Kemendikdasmen: Program revitalisasi sekolah sasar 16.141 satuan pendidikan
Kemendikdasmen: Program Revitalisasi Sekolah Sasar 16.141 Satuan Pendidikan
Jakarta – Kementerian Pendidikan Dasar dan Menengah (Kemendikdasmen) menargetkan revitalisasi sebanyak 16.141 satuan pendidikan di seluruh Indonesia. Program ini dirancang untuk meningkatkan kualitas ruang belajar dan mendukung akses pendidikan yang adil bagi seluruh anak.
“Secara nasional, program revitalisasi semula menargetkan 10.440 satuan pendidikan, namun melalui pendekatan swakelola jumlahnya meningkat menjadi 16.141 satuan pendidikan dengan anggaran tetap Rp99,97 triliun,” kata Staf Ahli Bidang Manajemen Talenta Kemendikdasmen, [Nama Staf Ahli], saat dihubungi di Jakarta.
Revitalisasi sekolah meliputi perbaikan infrastruktur, optimalisasi ruang kelas, peningkatan kualitas penunjang seperti toilet dan lapangan olahraga, serta peningkatan kapasitas guru melalui program pengembangan profesional. Pendekatan swakelola memungkinkan pihak sekolah untuk lebih berkontribusi dalam proses revitalisasi, sehingga kecocokan sarana dengan kebutuhan sekolah menjadi lebih optimal.
[Nama Staf Ahli] menjelaskan bahwa revitalisasi sekolah merupakan salah satu bentuk perhatian pemerintah terhadap pemenuhan sarana prasarana pendidikan yang layak. “Kami ingin memastikan bahwa setiap anak Indonesia, terlepas dari latar belakang dan lokasi geografis, memiliki akses terhadap lingkungan belajar yang kondusif dan mendukung,” ujarnya.
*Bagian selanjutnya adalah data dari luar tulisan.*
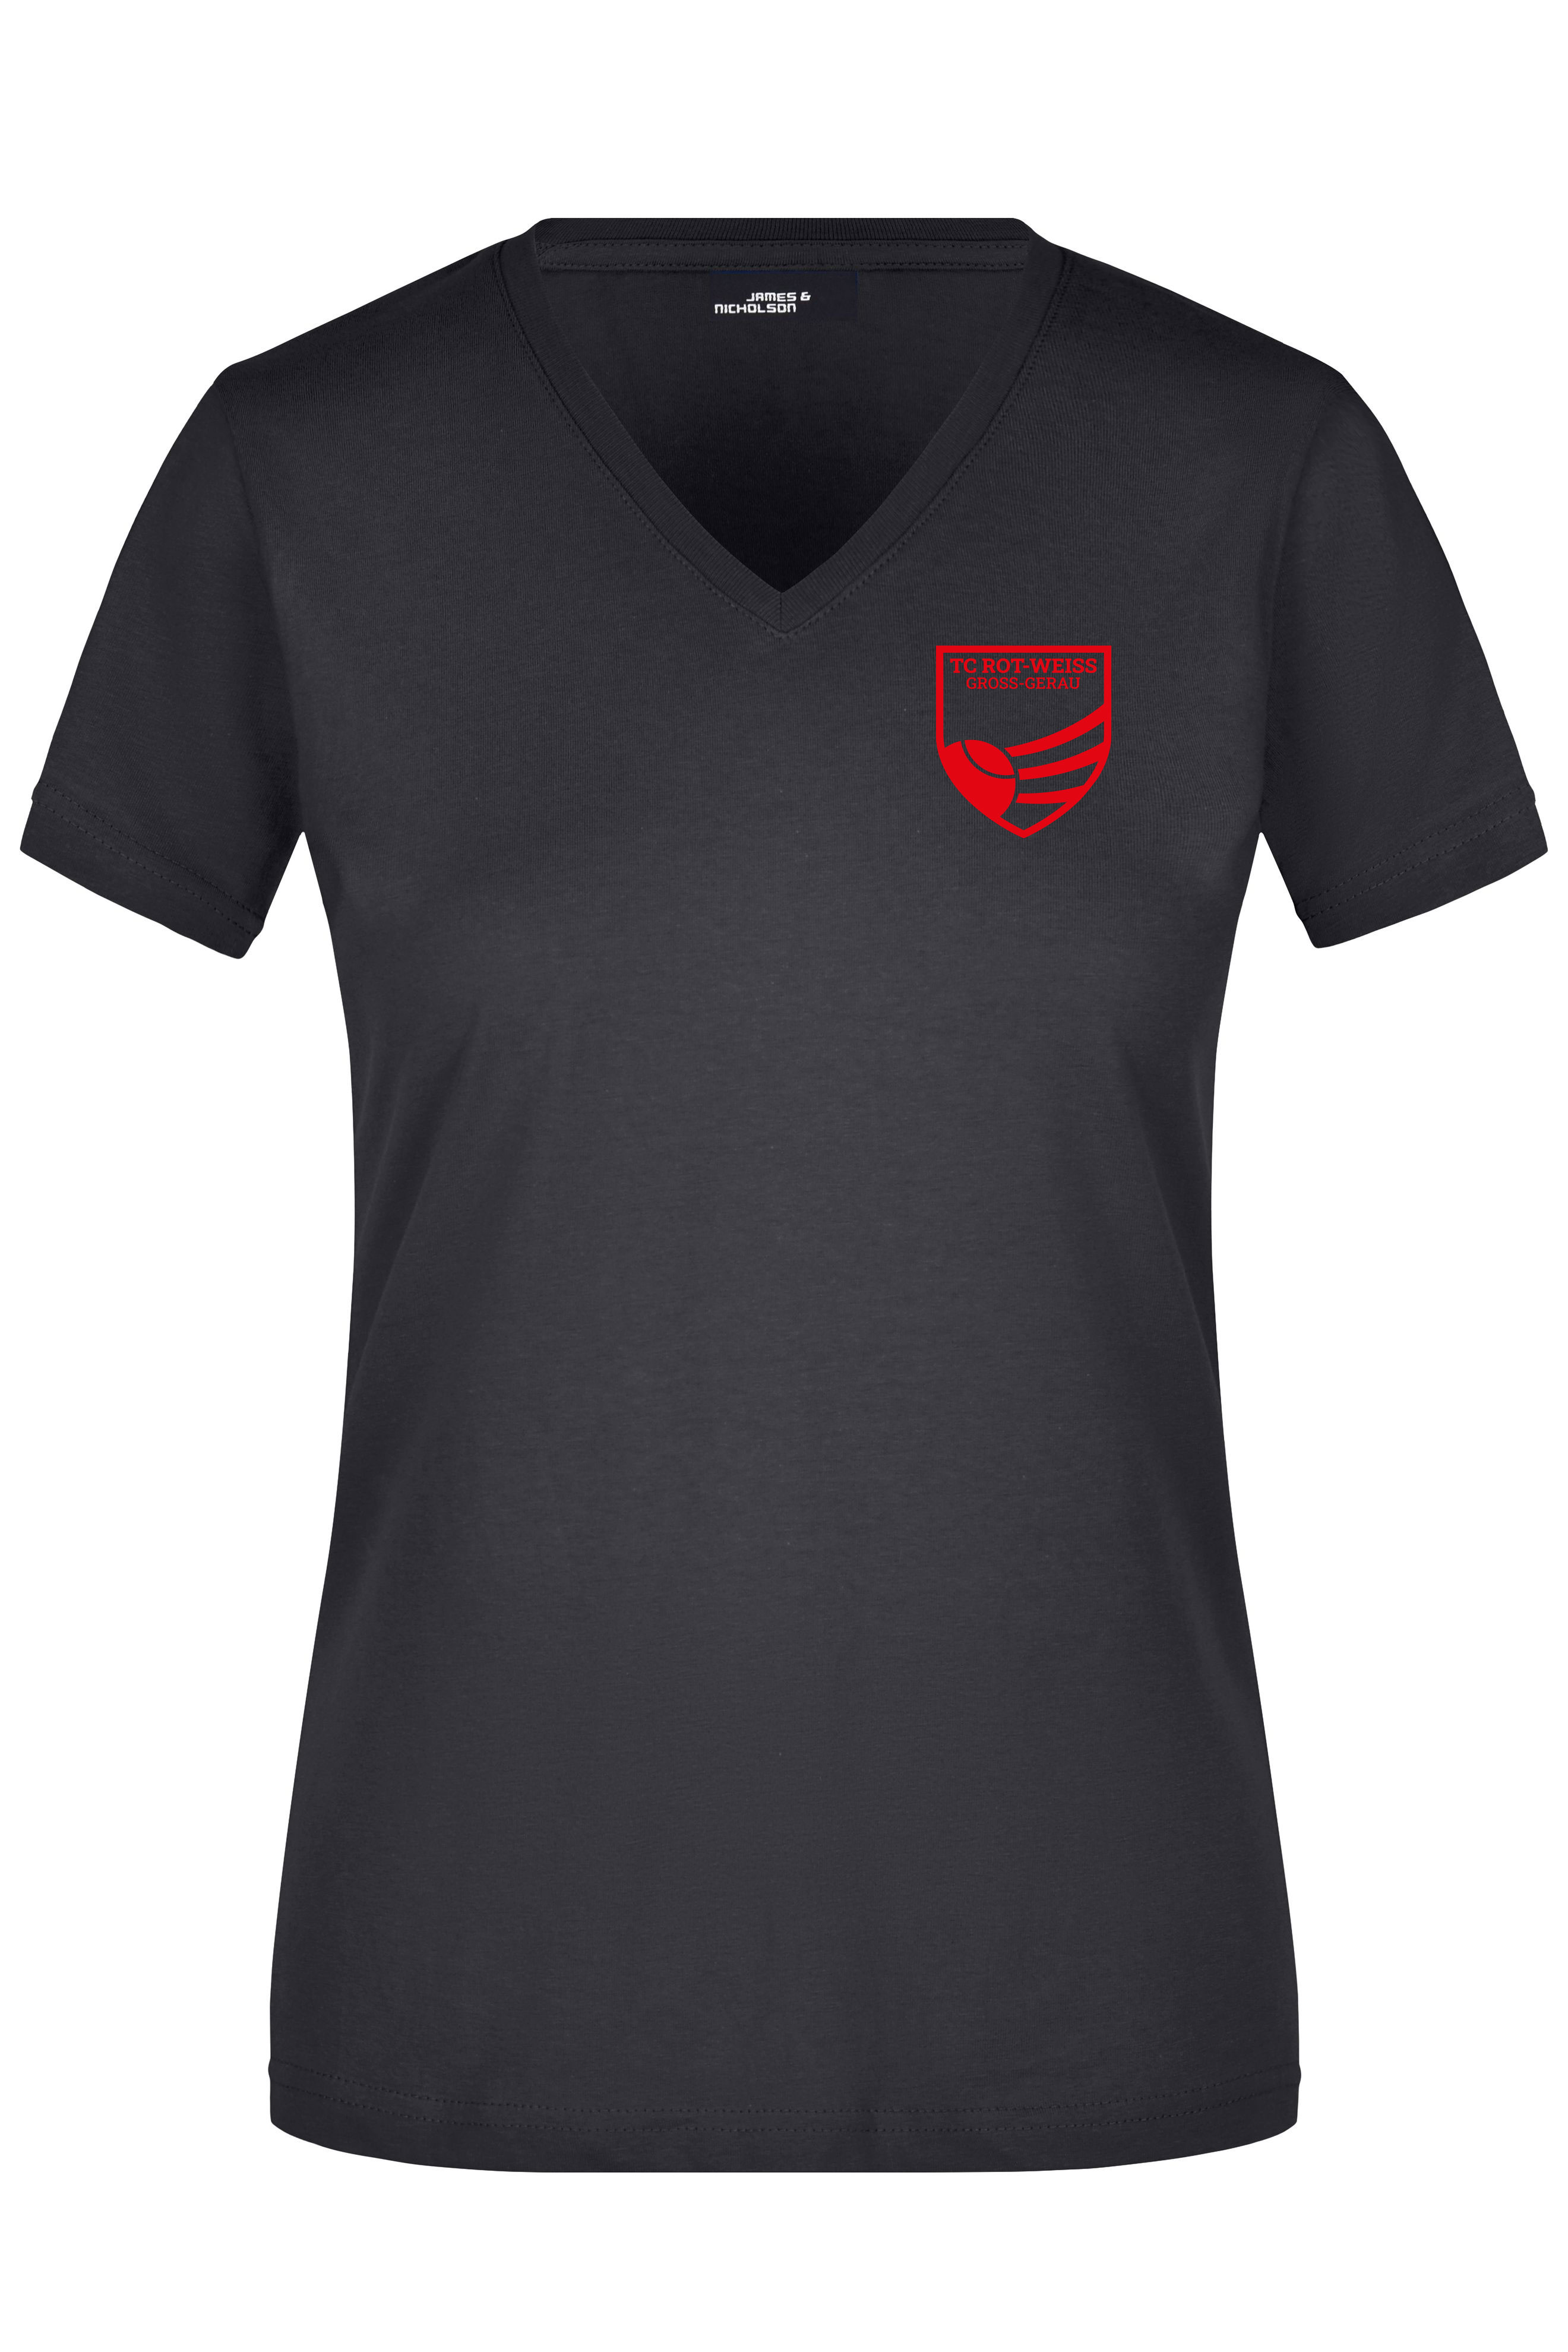 TC Rot-Weiss - Vorteil GG - Girly T-Shirt rot auf schwarz

Proses revitalisasi sekolah tidak hanya difokuskan pada fisik bangunan, tetapi juga memperhatikan aspek pembelajaran. Program ini juga menyentuh pengembangan kurikulum yang disesuaikan dengan kebutuhan zaman dan menyiapkan guru untuk menjadi fasilitator belajar yang lebih efektif.
Peningkatan kualitas sarana prasarana pendidikan diyakini akan berdampak langsung pada peningkatan kualitas pendidikan secara menyeluruh. Menurut [Nama Staf Ahli], ruang belajar yang nyaman dan aman akan memberikan dampak positif terhadap motivasi belajar, konsentrasi, dan prestasi siswa.
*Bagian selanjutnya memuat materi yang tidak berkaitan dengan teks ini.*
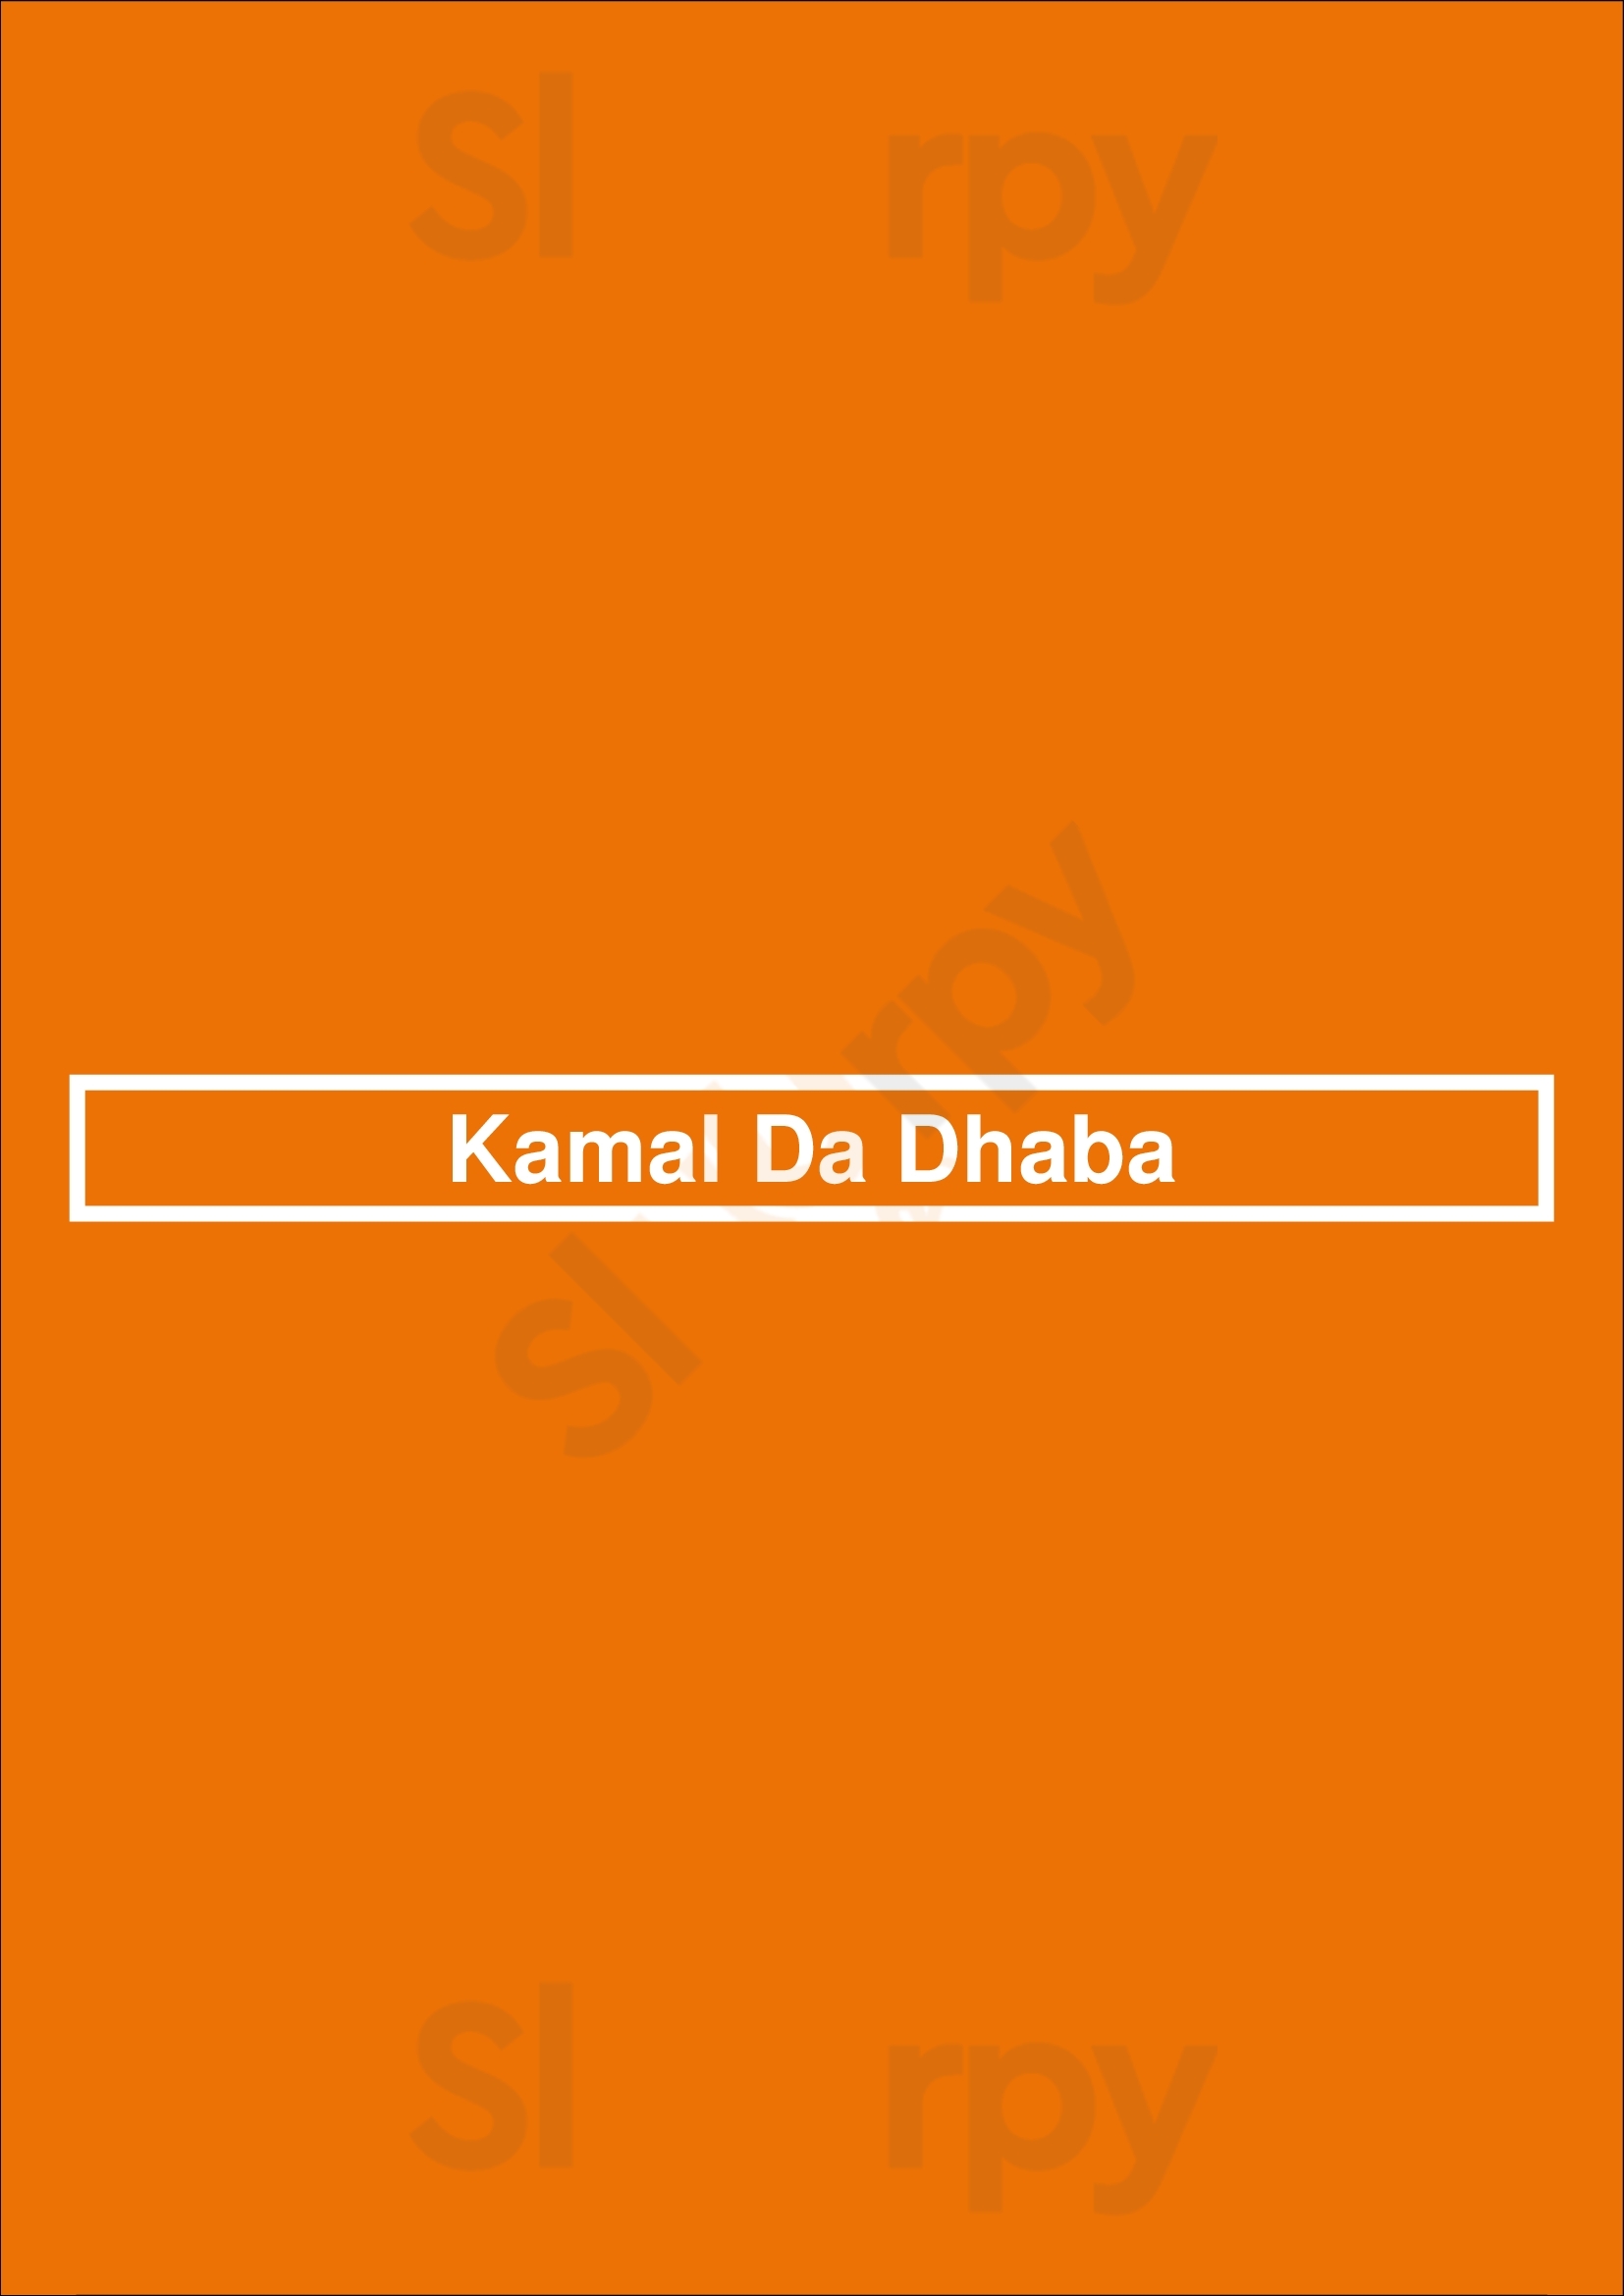 Kamal Da Dhaba Kent Menu - 1

“Dengan pemenuhan kebutuhan dasar pendidikan, diharapkan dapat menghasilkan generasi penerus bangsa yang cerdas, berkarakter, dan siap berkompetisi di era global,” tambahnya.
Kemendikdasmen terus berupaya untuk melakukan pengawasan dan evaluasi secara berkala demi memastikan keberhasilan program revitalisasi sekolah. Selain itu, Kementerian juga mendorong partisipasi seluruh pihak, mulai dari pemerintah daerah, masyarakat, hingga para tenaga pengajar, dalam menciptakan lingkungan pendidikan yang optimal bagi anak-anak Indonesia.
Diharapkan program revitalisasi ini dapat mencapai targetnya dan memberikan kontribusi nyata terhadap peningkatan kualitas pendidikan di Indonesia.